Song Han MIT / NVIDIA. Principal investigator and corresponding author. Han is one of the most prominent figures in efficient deep learning (TinyML, quantization, neural architecture search). His involvement signals this paper's emphasis on deployable efficiency, not just benchmark performance. The use of SANA's architecture and the focus on 0.33s inference are consistent with his lab's core thesis. "Song Han, MIT, NVIDIA." (Author affiliations).

Zhuoyang Zhang & Shang Yang MIT (Han Lab). Equal-contribution first authors and the primary builders of the system. Both are graduate researchers in Han's lab with backgrounds in efficient generative models and robotics. "Equal Contribution." (Author footnote).

Qinghao Hu MIT / NVIDIA (intern). Contributed to the NVIDIA-side implementation and cloud deployment pipeline. "Part of the work done during an internship at NVIDIA." (Author footnote).

Yao Lu NVIDIA. Senior collaborator on the project representing NVIDIA Research's embodied AI efforts. Listed as NVIDIA affiliation in the author list.

5. Operating Insights

The Cloud-Edge Split Is the Right Deployment Architecture for Complex VLAs Today

The paper's production deployment runs the world model and VLM planner on a cloud H100, while the VLA policy runs locally on an RTX 5090. This is a deliberate architectural choice, not a limitation. "We design a hierarchical cloud-edge deployment pipeline... the cloud server performs high-level planning and distills the result into a dual-guidance packet (textual, visual). This packet is then returned to the edge host, where the local VLA policy performs rapid inference." (Section 3.5). For teams building commercial deployments, this is a practical template: you don't need to cram planning intelligence onto the robot — push it to cloud and pull back a 640×480 goal image. The 0.33s round-trip latency is acceptable for manipulation tasks that operate at multi-second subtask granularity.
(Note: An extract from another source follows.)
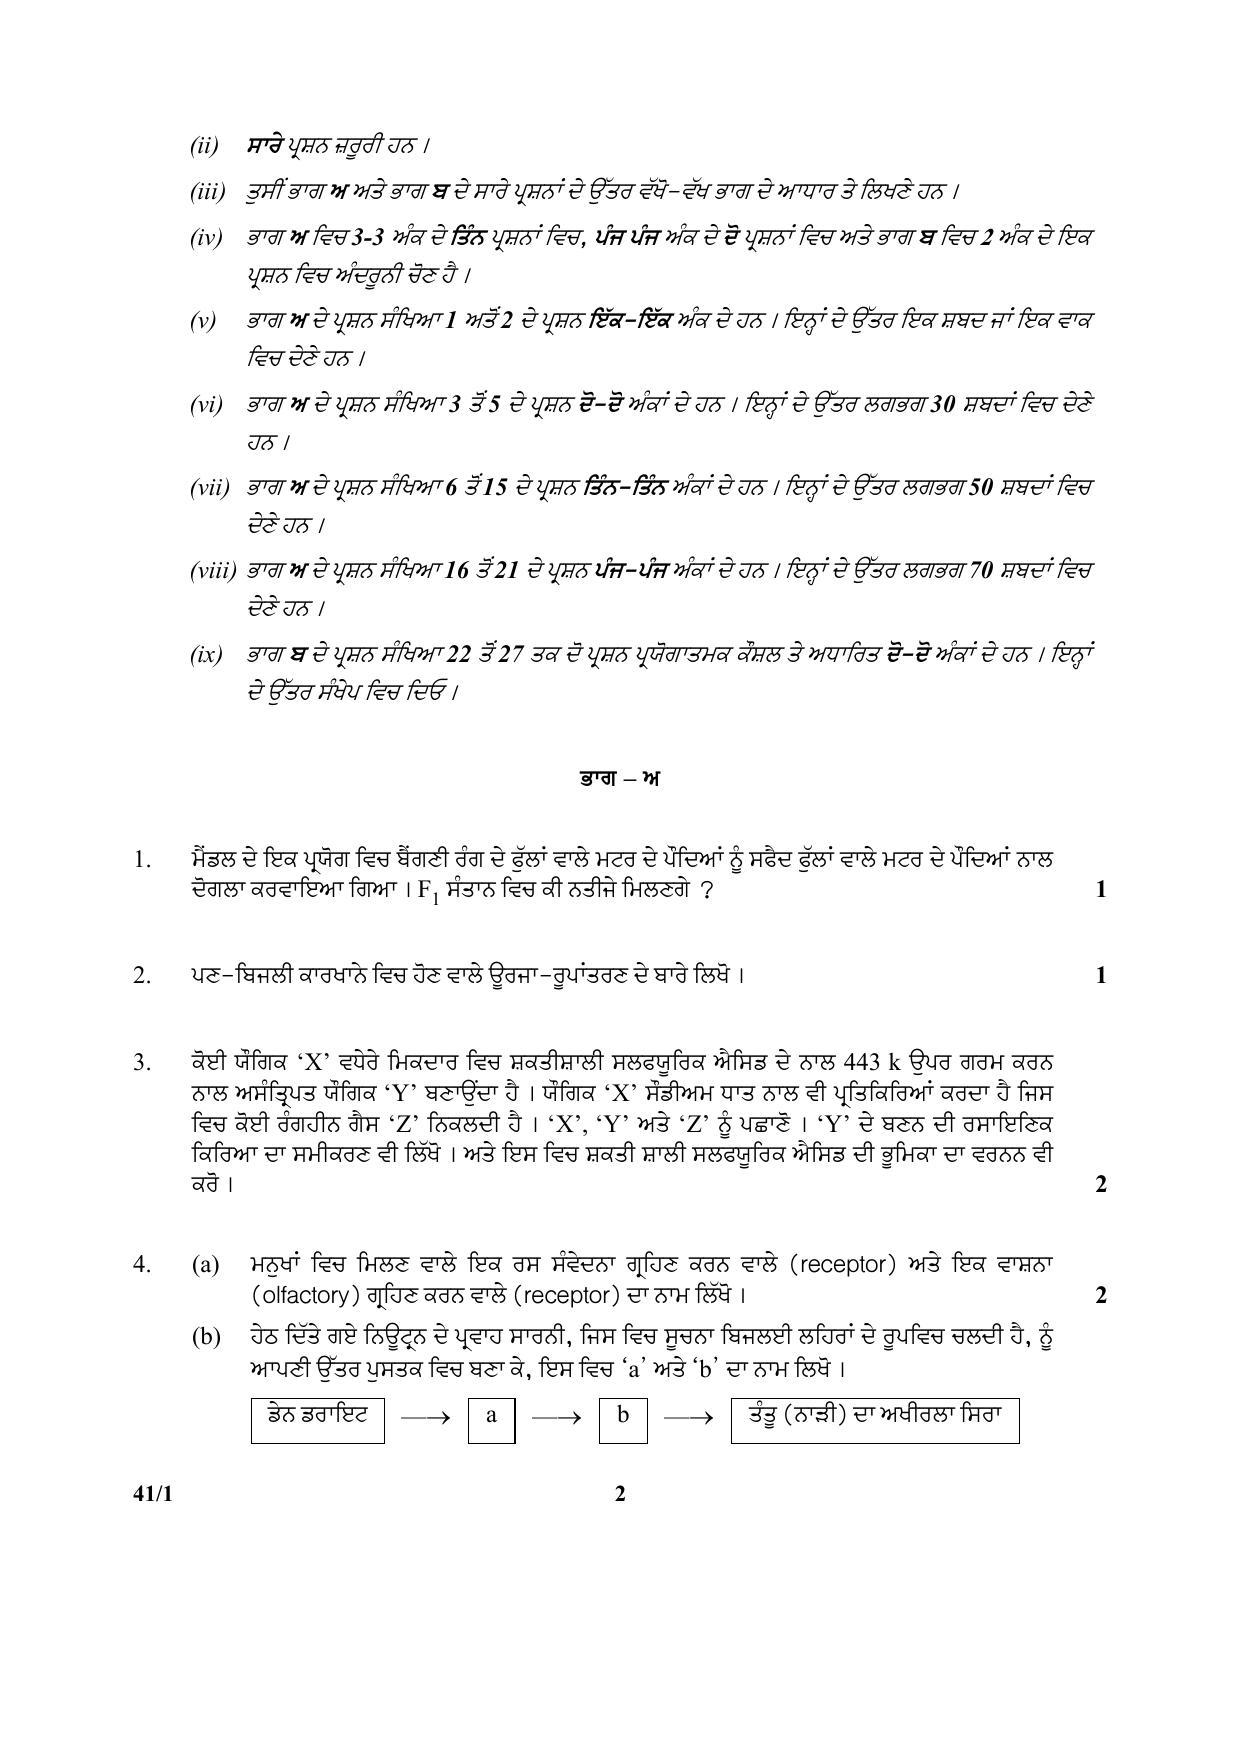 CBSE Class 10 41-1 (Science)_Punjabi 2018 Question Paper - Page 2

Data Collection Strategy Should Shift Toward Subtask-Level Episodes, Not Full Task Rollouts

ForeAct is trained at the subtask granularity — each training example is a (current frame, future frame, subtask instruction) triplet, not a full task trajectory. This decomposition, combined with visual goal conditioning, is what drives the 79% success rate at 20% data volume. "Within each subtask, we sample condition frames at 1-second intervals. For each condition frame, we choose a future frame that comes half a subtask's length later in time." (Section 3.2). For CTOs budgeting teleoperation data collection: structuring collection around atomic subtasks rather than full demonstrations will yield better return on investment per hour of human operator time.

6. Overlooked Insights

The Pretraining Data Exclusion Criteria Are a Quiet Signal About Camera Quality Standards

The paper excluded Open-X-Embodiment and DROID — two of the largest public robot datasets — explicitly because of "relatively low camera resolution." (Section 3.2). This is buried in a single sentence, but it has real implications. As the industry invests heavily in data collection infrastructure, this paper implicitly sets a minimum bar: sub-640×480 camera data may be actively harmful or useless for training world models. Teams running data collection pipelines with low-resolution cameras are accumulating an asset that may be excluded from the next generation of training runs. The industry shift toward higher-resolution perception hardware has a concrete technical justification here, not just a marketing one.

The VLM Size Threshold Is Surprisingly Accessible

The appendix evaluation of VLM planner performance across model sizes (Figure 13) reveals that Qwen3-VL-8B achieves competitive subtask planning accuracy — nearly matching Qwen2.5-VL-32B — while Qwen2.5-VL-7B drops significantly. This is a practically useful finding that doesn't appear in the main results. "Both Qwen2.5-VL-32B and Qwen3-VL-8B achieve competitive performance, effectively steering the robot through complex tasks. Conversely, the significant performance drop observed with the smaller Qwen2.5-VL-7B model validates the discriminative nature of our benchmark." (Section A.4). For teams designing inference stacks: an 8B VLM appears to be the current minimum viable planner for complex manipulation tasks. This has direct implications for cloud compute cost modeling — you likely don't need a 70B+ model in the planning loop.